TORONTO — Last night, aspiring student chefs from culinary schools across Canada saw what cooking under fire is all about. The seven contenders vied for the top spot at the annual San Pellegrino Almost Famous culinary competition at the Calphalon Culinary Center in Toronto.
After two hours of intense preparation in the kitchen and scrutiny from a panel of judges — comprised of working chefs and F&H’s own editor/publisher, Rosanna Caira — peppering them with questions, Justine de Valicourt of Montreal’s Institut de tourisme et d’hotellerie emerged the winner. The victory earned her a gift of appreciation from participating sponsors, including chef ware from Chef Revival. But, more importantly, de Valicourt will now represent Canada at the competition’s finals in Napa Valley, Calif. from March 5 to 8.
“The actual competition was intense but it was an opportunity to meet some great chefs and other talented people. I can’t wait for Napa and the chance to improve my skills further,” said de Valicourt, speaking of her win. The Quebec native’s Venison in Wooden Flavours was inspired by ingredients from the forest and featured a venison fillet with short rib.
Competitors were judged on creativity, plate appearance, taste, texture and aroma as well as sanitation at their workstation.
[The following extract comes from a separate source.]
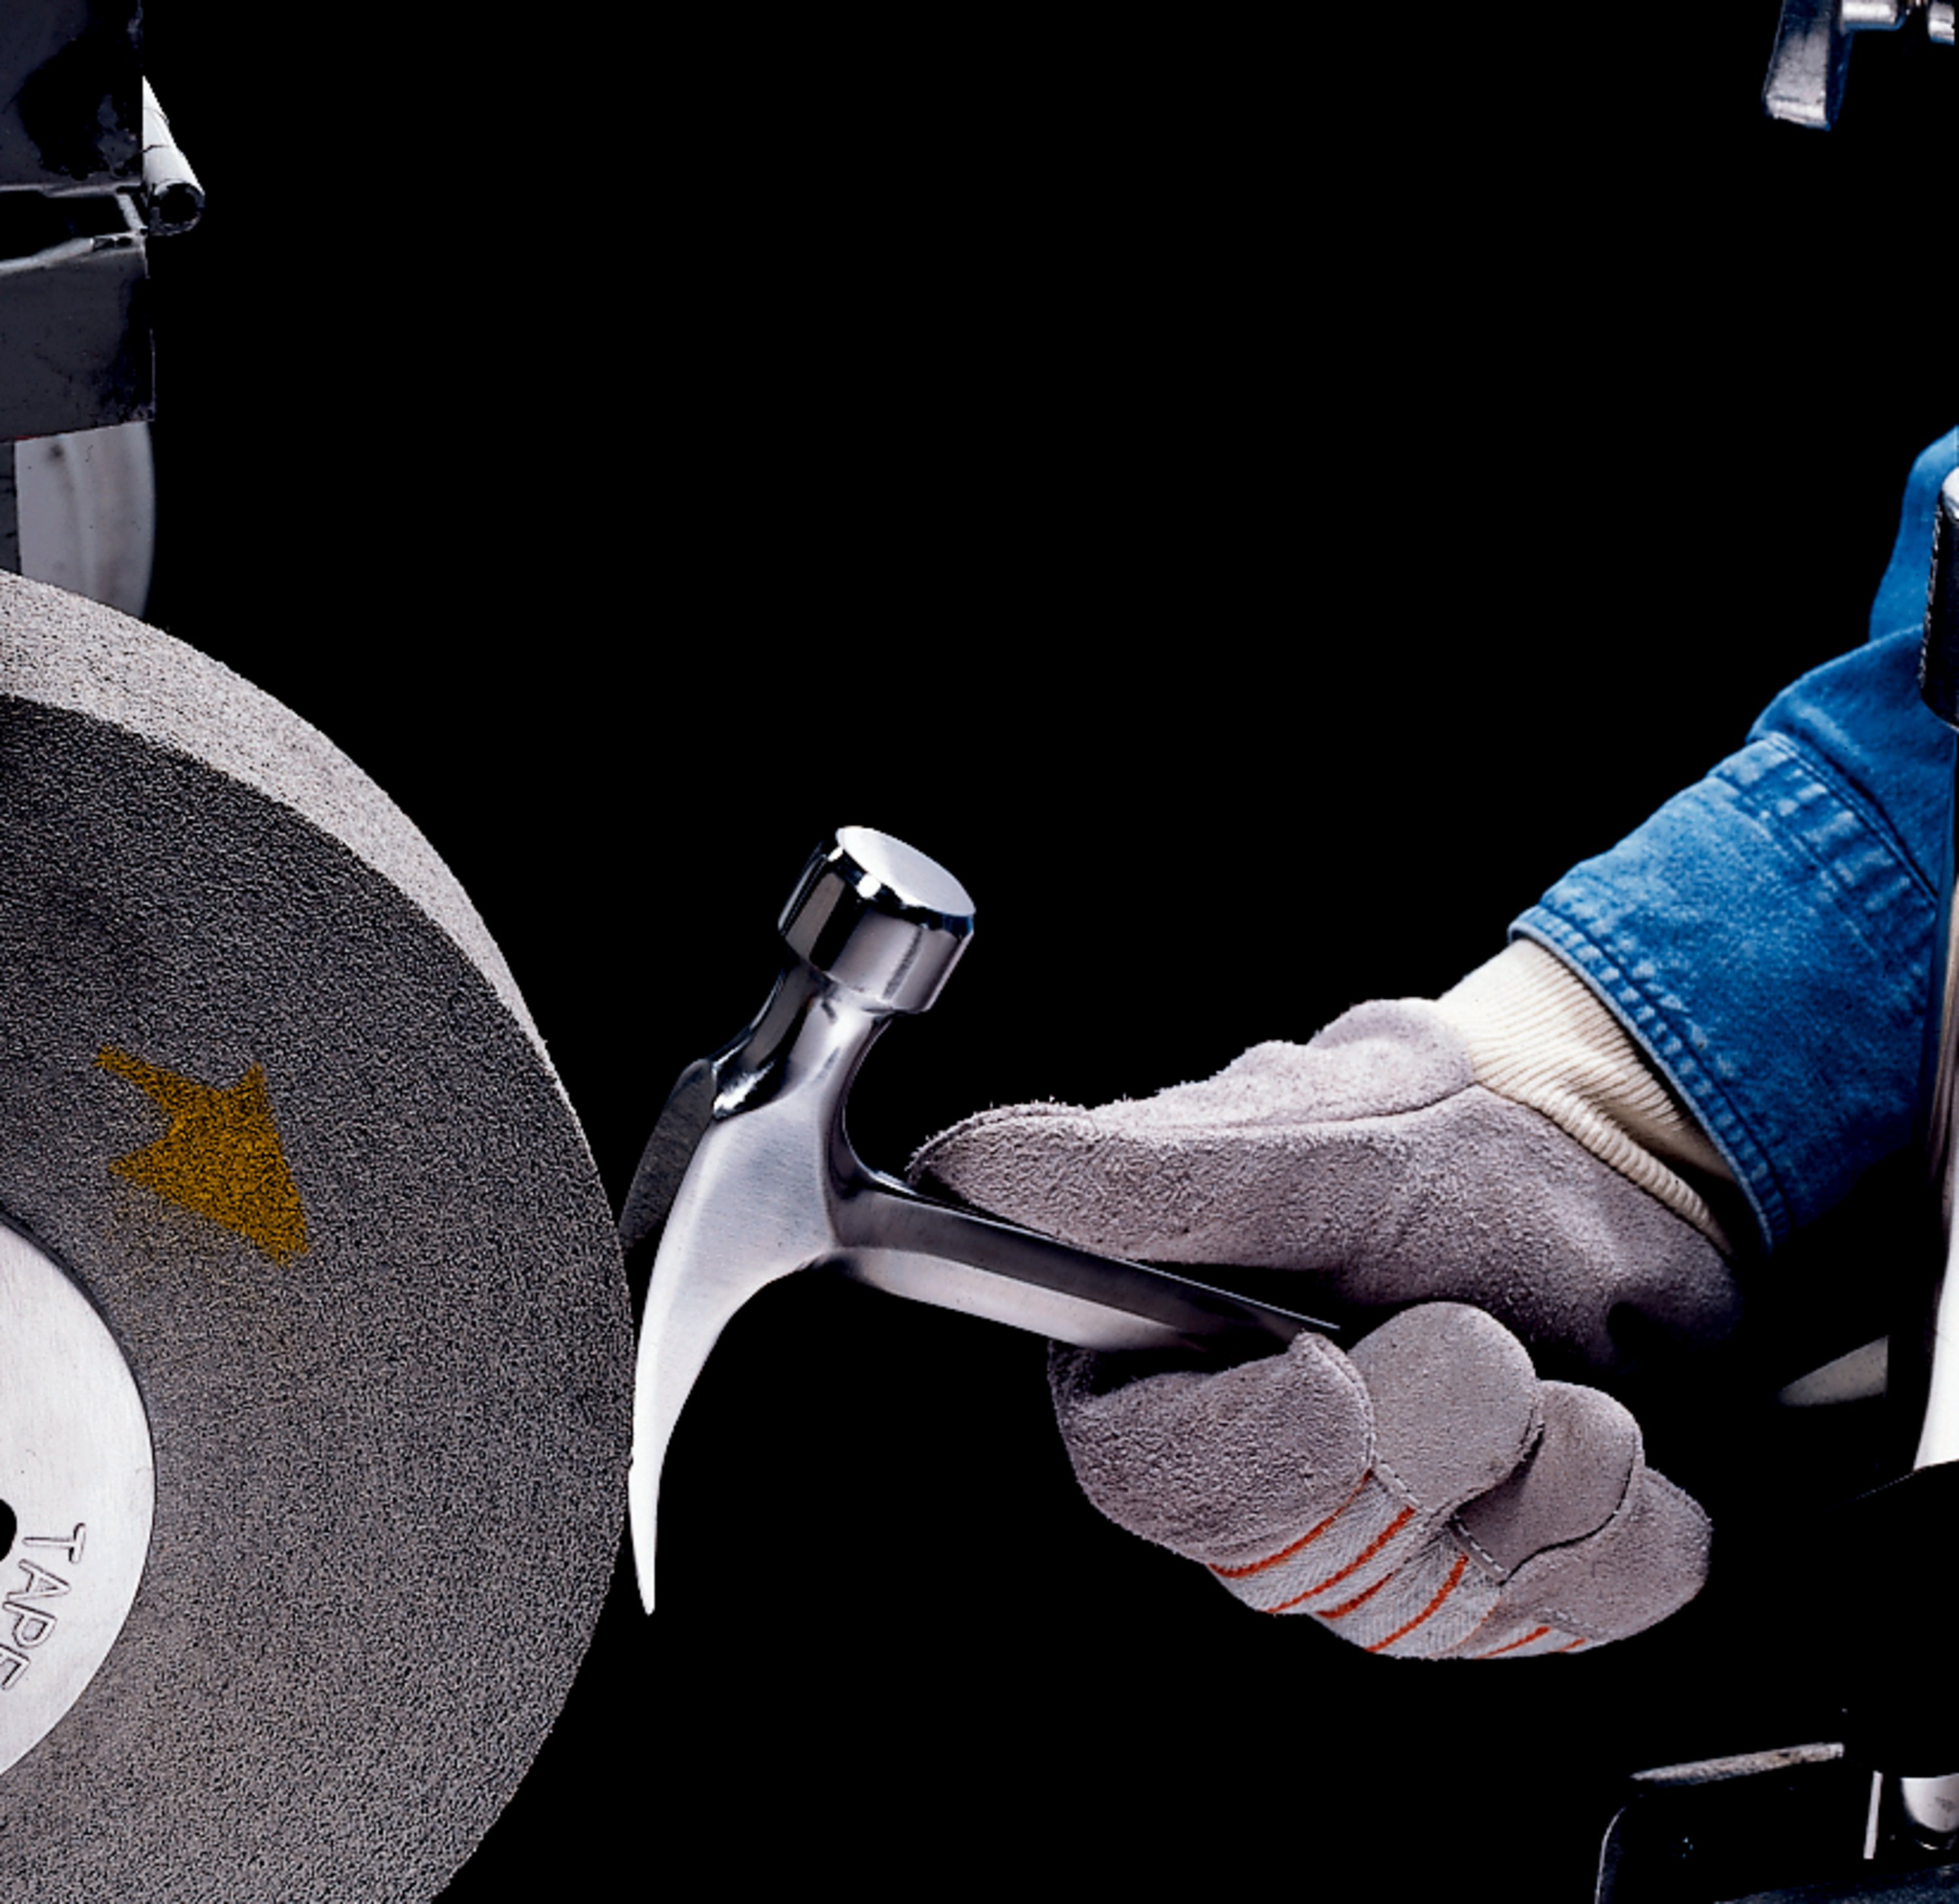 Scotch-Brite™ EX3 is an effective wheel to deburr, blend, finish and polish edges on glass, hard and soft composites, and metals such as builder's hardware, medical instruments, metal fabrication, metal implants, plumbing fixtures, and turbine engines.

Interestingly each was also judged on their ability to perform under pressure and their personality while being questioned by judges and media.
The seven chefs who competed in the eighth annual competition represented George Brown, the International Culinary School at the Art Institute of Vancouver, l’Ecole hoteliere de la Capital in Quebec City and l’institut de Tourisme et d’hotellerie in Montreal.